Cuándo la empresa no puede dar por hecho que existe una baja voluntaria

Persona en cama tomándose la temperatura

Persona en cama tomándose la temperatura  

La resolución no significa que cualquier trabajador que falte varios días pueda ser considerado automáticamente dimisionario. De hecho, los tribunales suelen actuar con cautela porque la baja voluntaria tiene consecuencias importantes para el empleado. Existen situaciones en las que la ausencia no puede interpretarse como una renuncia al puesto:

  • Una enfermedad debidamente acreditada
  • Una hospitalización o emergencia médica
  • Una incapacidad temporal reconocida
  • Imposibilidad justificada de contactar con la empresa
  • Errores o malentendidos razonables
  • Cualquier circunstancia que impida concluir que existe voluntad de abandonar el empleo.

Por este motivo, los especialistas en derecho laboral recuerdan que las empresas deben intentar contactar con el trabajador y conservar pruebas de esos intentos. Pueden ser burofaxes, correos electrónicos, llamadas, mensajes o requerimientos formales. Si no existen indicios suficientes, el asunto podría terminar calificándose de forma distinta ante un juzgado. 

Qué supone esta sentencia para autónomos y pequeñas empresas

Autónomo

Autónomo

Para muchos pequeños negocios, la desaparición de un trabajador puede generar una situación complicada. La empresa necesita reorganizar turnos, cubrir funciones y tomar decisiones sin saber si el empleado piensa regresar. La sentencia sirve como referencia para actuar con más cautela y pruebas en aquellos casos en los que existen indicios claros de abandono. No autoriza a las empresas a dar de baja automáticamente a cualquier trabajador ausente, pero sí confirma que una conducta prolongada de silencio e incomparecencia puede interpretarse como una dimisión.

Esto resulta especialmente relevante para autónomos y pymes, donde la ausencia de una sola persona puede afectar de forma directa al funcionamiento diario del negocio. Aun así, la prudencia es clave: antes de tramitar una baja voluntaria, la empresa debe poder demostrar que intentó contactar con el trabajador y que no recibió respuesta. (Autónomos y Emprendedores).
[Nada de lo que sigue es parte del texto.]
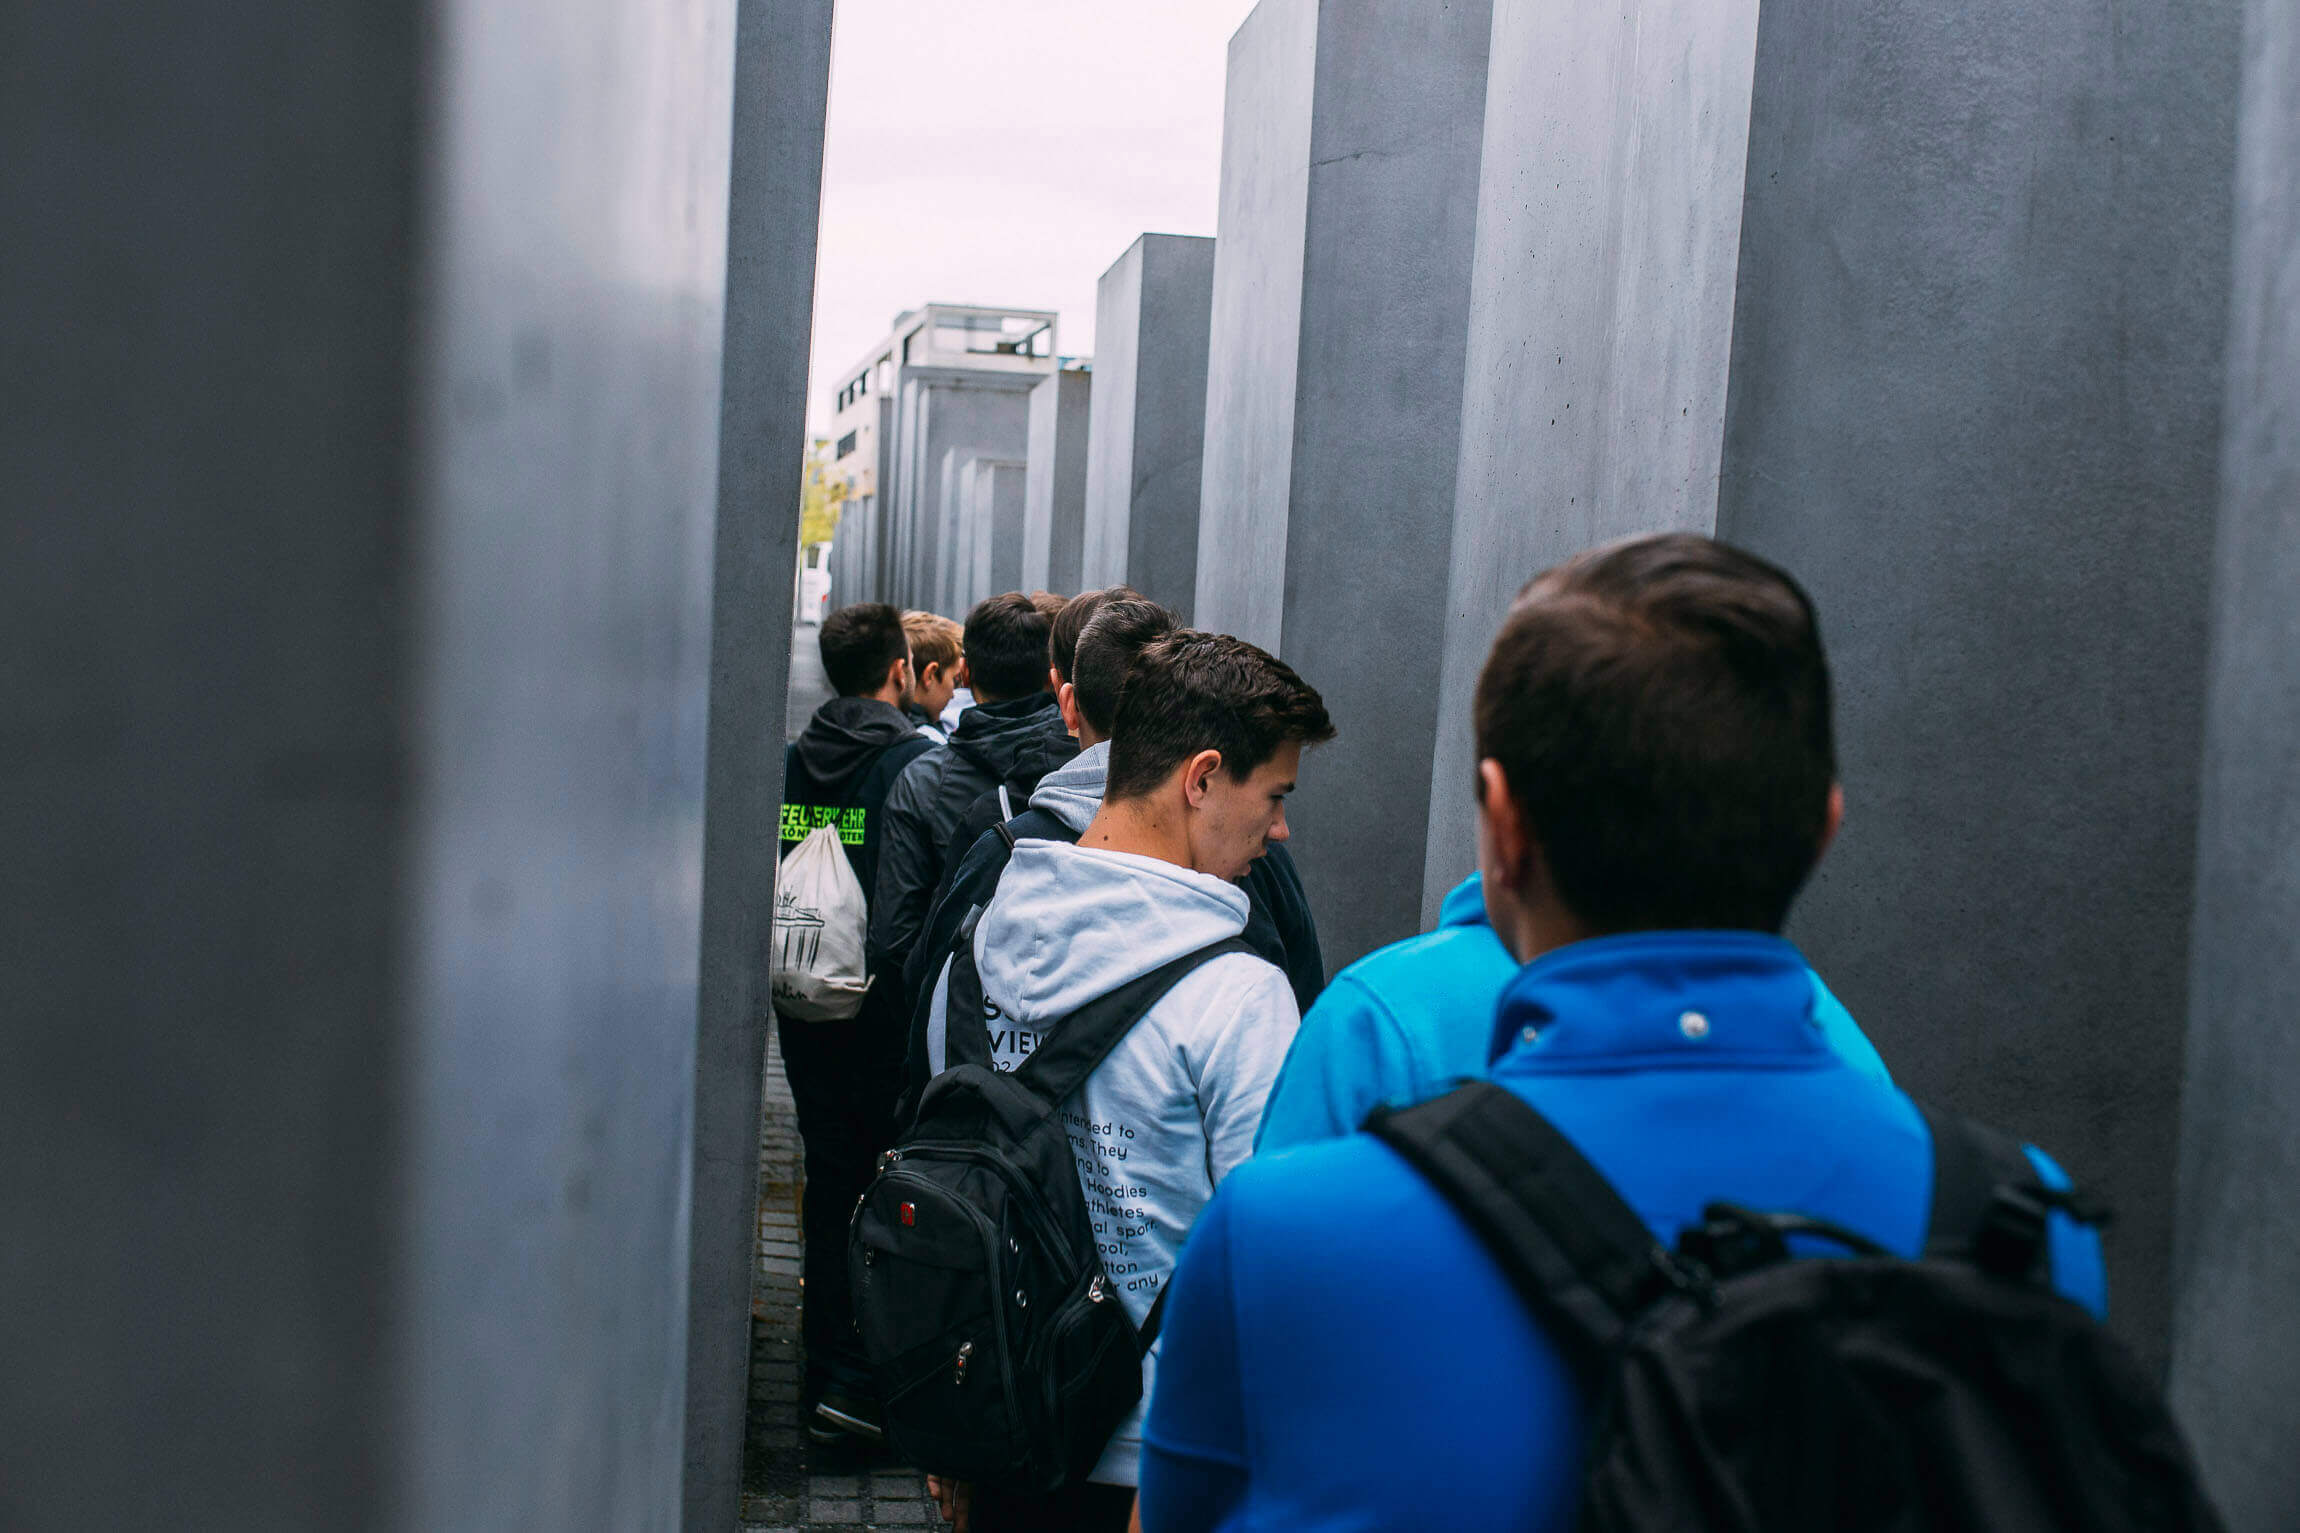 Jugendfeuerwehr Koenigstaedten Berlin 12

En definitiva, faltar al trabajo no equivale automáticamente a una baja voluntaria. Lo que ha confirmado el TSJ de Madrid es que los tribunales pueden apreciar esa voluntad cuando existe una conducta prolongada, sin justificación y sin respuesta ante los intentos de contacto de la empresa. Si no hay pruebas suficientes, tramitar la baja como voluntaria puede acabar en una reclamación por despido.